- Occupation: Composer
- Known for: The Amazing Race, New Line Cinema's The Lord of the Rings website
- Website: http://www.sandersmusic.net

= Lee Sanders =

American composer

Lee Sanders is an American composer who began his composing career in 2001 with his scores for New Line Cinema's The Lord of the Rings website and CBS's reality-competition show The Amazing Race. Lee has won six BMI Film and Television Awards for his work, as well as the 2008 Film and Television Music Award for Outstanding Reality Show Score. He is also known for composing the fanfare for the Sony Pictures Home Entertainment logo, which was also used on the Sony Pictures Consumer Products, Sony Pictures Entertainment Japan, Sony Pictures Releasing International, Sony Pictures International Productions and Sony Pictures logos.

== Work ==
Sanders has scored hundreds of episodes of network television, including music for nine-time Emmy award-winner The Amazing Race, The Bachelor, Project Runway and many others. Lee has taught film scoring for UCLA Extension, and is a frequent lecturer for emerging composers and filmmakers at both USC and UCLA. He also serves as a member of the Music Peer Group Executive Committee of the Academy of Television Arts and Sciences.
As a conductor, orchestrator and additional music composer, Sanders has also contributed to shows such as Family Guy, Charmed, Fairly Oddparents, Ripley’s Believe It or Not! and Disney’s House of Mouse. He also composed the fanfare for the Sony Pictures Home Entertainment logo, which was also used on the Sony Pictures Consumer Products, Sony Pictures Entertainment Japan, Sony Pictures Releasing International, Sony Pictures International Productions and Sony Pictures logos.

== Filmography==
This is a partial list of works Sanders has created or been involved with.

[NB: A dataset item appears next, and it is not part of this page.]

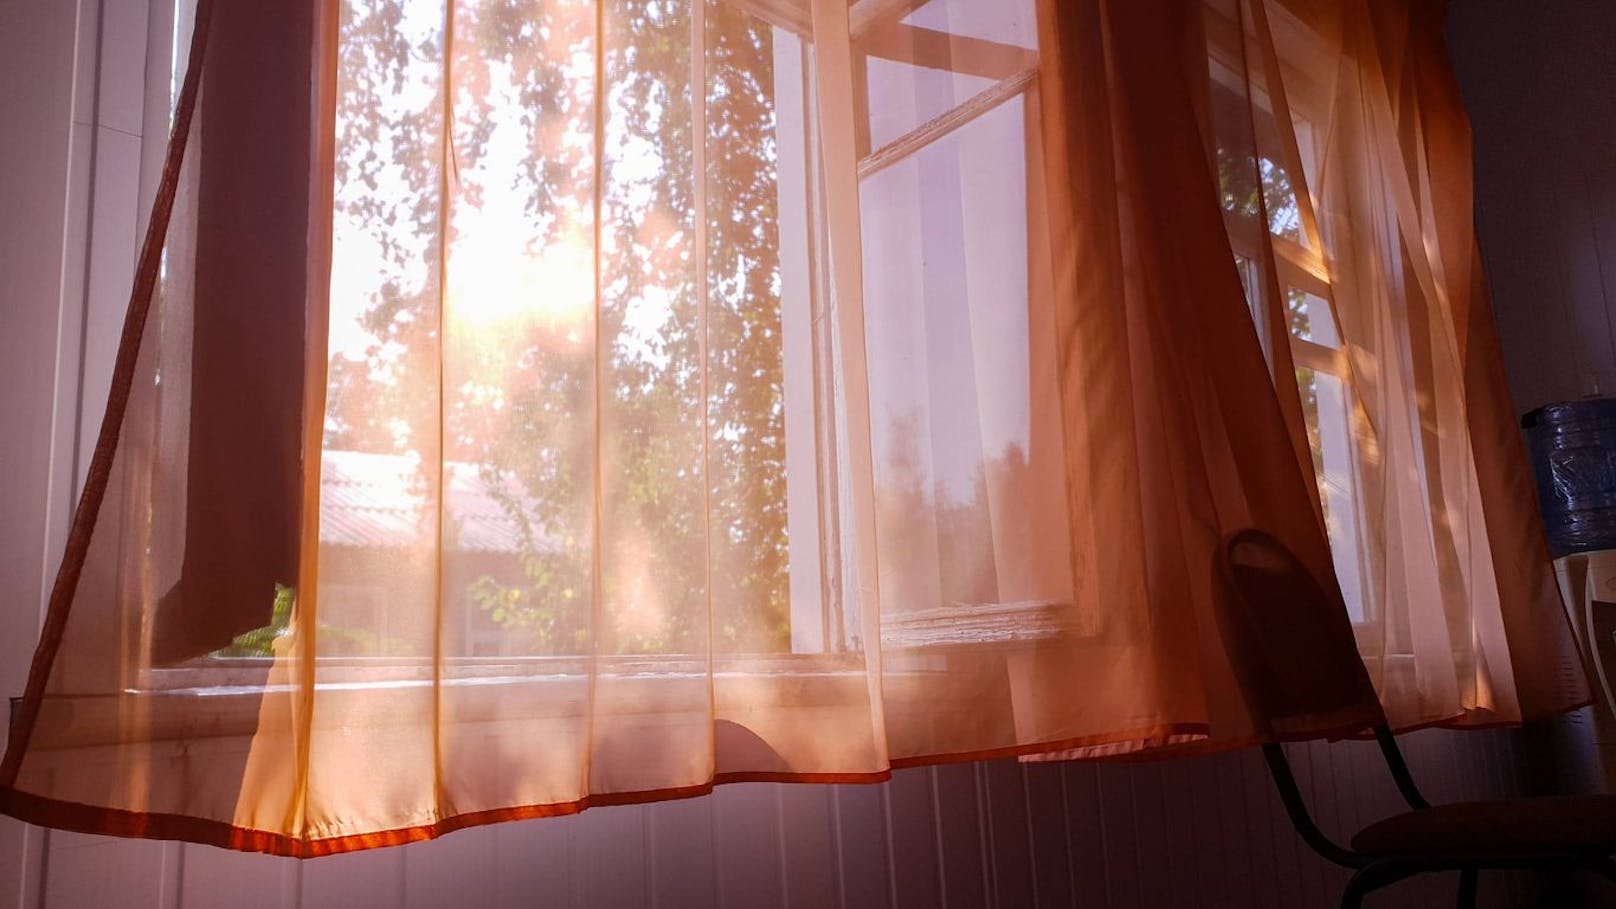 Am idealsten ist es, wenn du Morgens oder Abends deine Fenster öffnest. Zu diesen Zeiten ist es besonders kühl und du lässt keine stickige Luft hinein.

- 2001-2024 The Amazing Race (TV series, 382 episodes)
- 2008-2012 Dorkumentary (TV series, 6 episodes)
- 2011 The Amazing Race Australia (TV series, 12 episodes)
- 2011 Stu Plus Who? (documentary)
- 2011 Bloodwork
- 2010 After the Fall (TV movie)
- 2010 The Amazing Race Asia (TV series, 1 episode)
- 2010 The Bachelor (TV series, 1 episode)
- 2009 Popatopolis (documentary)
- 2003-2009 Storyline Online (TV series, 5 episodes)
- 2008 The Unwelcomed (short)
- 2008 Here Be Dragons (video short)
- 2007 Serene Hunter (short)
- 2006 The Miracle Workers (TV series documentary)
- 2005 Formosa
- 2005 Sacrifice
- 2005 The Two-Timer (TV series)
- 2004 What Babies Want (documentary)
- 2004 Seen (short)
- 2003 Not Too Tart, Not Too Sweet (short)
- 2002 Lords of the Barrio (video)
- 2002 Walkin' Free (short)
- 2001 A Passage to Middle-earth: Making of 'Lord of the Rings' (TV documentary)
- 2001 Roam (short)
- 2001 The Barrio Murders
- 2000 Desertopia (documentary short)
- 2000 I Am on Film
- 2000 Dinner (short)
- 1999 The Business Card (short)
- 1999 Tigers Made in Heaven (short)
- 1998 Show and Prove (short)
- 1998 Life Is a Sweet (short)
- 1998 Sometimes Santa's Gotta Get Whacked (short)
- 1998 Screwed: A Hollywood Bedtime Story
- 1998 Thursday Afternoon (short)

==Music Department==
- 2006-2009 The Bachelor (composer and additional music, TV series, 5 episodes)
- 2008 The Bachelorette (composer, TV series, 2 episodes)
- Storyline Online (composer, stock music, theme music, TV series, 4 episodes)
- 2005 HBO First Look (TV series documentary) (additional musician, 1 episode)
- 2004 Fighting Tommy Riley (composer: additional music)
- 1998 Thursday Afternoon (short) (score producer)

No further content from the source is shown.